We investigate the theoretical foundations of a recently introduced entropy-based formulation of weighted least squares for the approximation of overdetermined linear systems, motivated by robust data fitting in the presence of sparse gross errors. The weight vector is interpreted as a discrete probability distribution and is determined by maximizing Shannon entropy under normalization and a prescribed mean squared error (MSE) constraint. Unlike classical ordinary least squares, where the error level is an output of the minimization process, here the MSE value plays the role of a control parameter, and entropy selects the least biased weight distribution achieving the prescribed accuracy. The resulting optimization problem is nonconvex due to the nonlinear coupling between the weights and the solution induced by the residual constraint. We analyze the associated optimality system and characterize stationary points through first- and second-order conditions. We prove the existence and local uniqueness of a smooth branch of entropy-maximizing configurations emanating from the ordinary least squares solution and establish its global continuation under suitable nondegeneracy conditions. Furthermore, we investigate the asymptotic regime as the prescribed MSE tends to zero and show that, under appropriate assumptions, the limiting configuration concentrates on a largest subset of data consistent with the linear model, thus suppressing the influence of outliers. Two numerical experiments illustrate the theoretical findings and confirm the robustness properties of the method.
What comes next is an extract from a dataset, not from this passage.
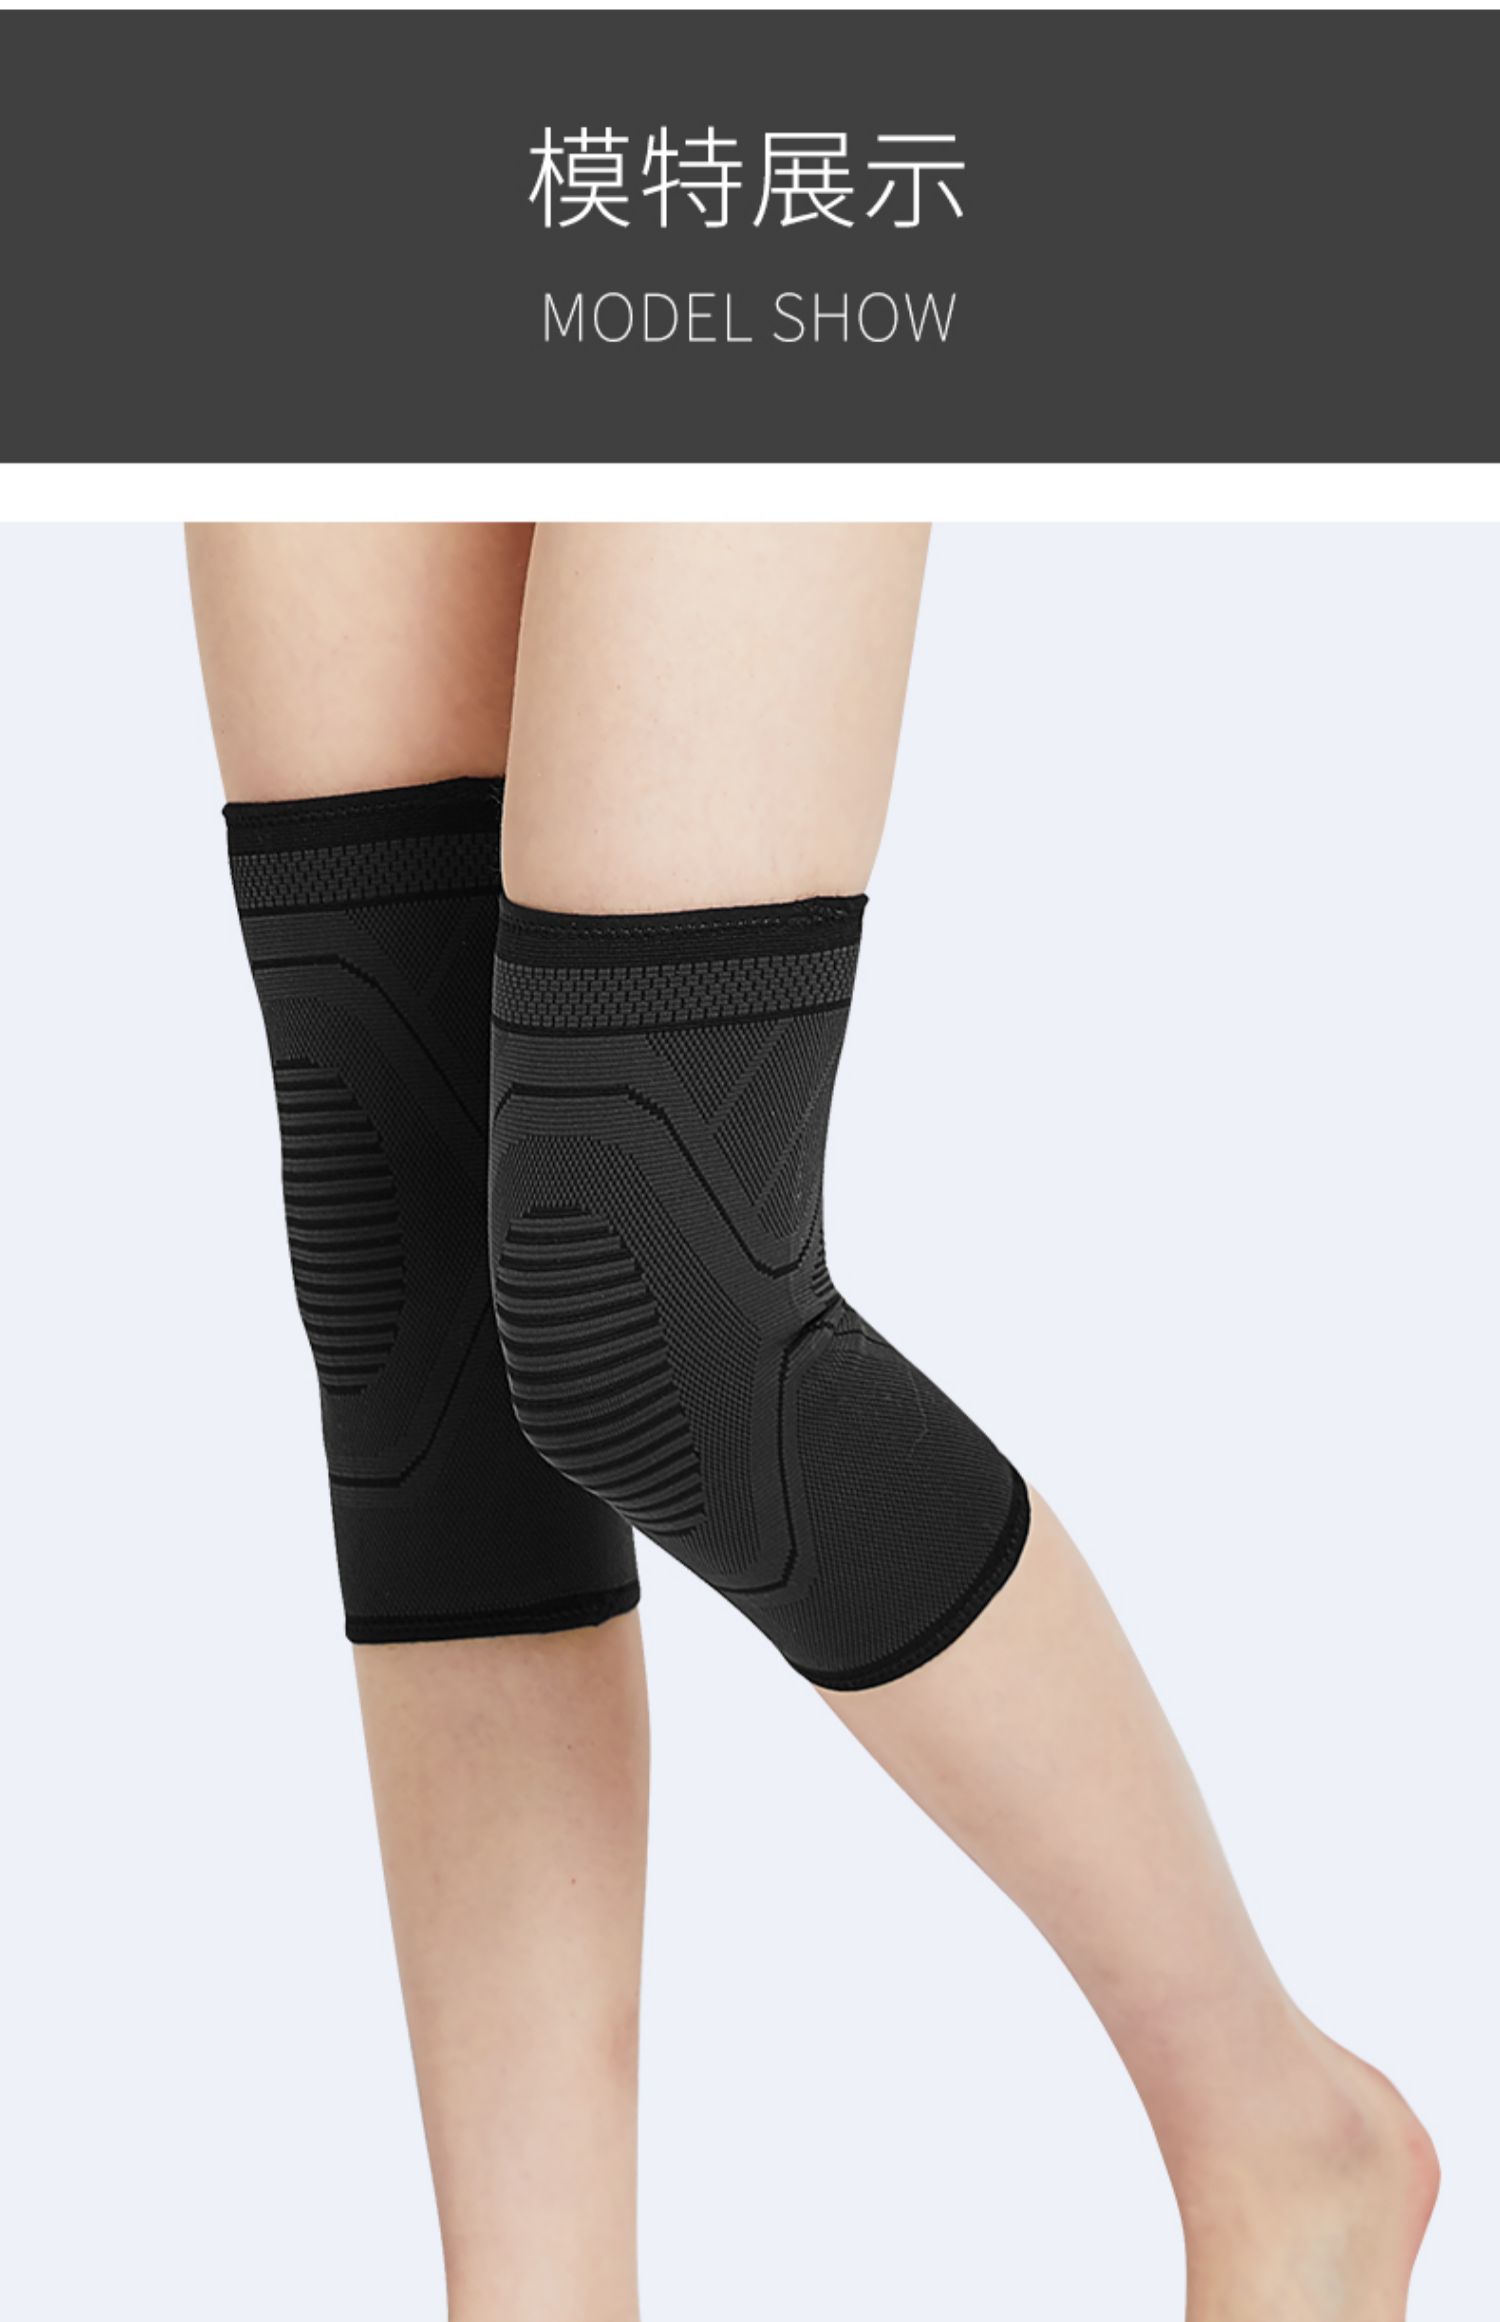 《跑步装备护膝女保护膝盖防寒护滕关节套贴身运动保暖健身薄款装备

翻译：我们研究了一种最近提出的基于熵的加权最小二乘公式的理论基础，该方法用于超定线性系统的逼近，其动机是在存在稀疏粗大误差情况下的鲁棒数据拟合。权重向量被解释为离散概率分布，并通过在归一化和给定均方误差约束下最大化香农熵来确定。与经典普通最小二乘法（其中误差水平是极小化过程的输出）不同，此处均方误差值扮演控制参数的角色，而熵则选择实现规定精度的最无偏权重分布。由于残差约束引起的权重与解之间的非线性耦合，所得优化问题是非凸的。我们分析了相关的优化系统，并通过一阶和二阶条件刻画了驻点特性。我们证明了从普通最小二乘解出发存在一条熵最大化配置的光滑分支，并建立了其在适当非退化条件下的全局延拓。此外，我们研究了当规定均方误差趋于零时的渐近状态，并证明在适当假设下，极限配置会集中于与线性模型一致的最大数据子集，从而抑制异常值的影响。两个数值实验说明了理论结果，并验证了该方法的鲁棒性。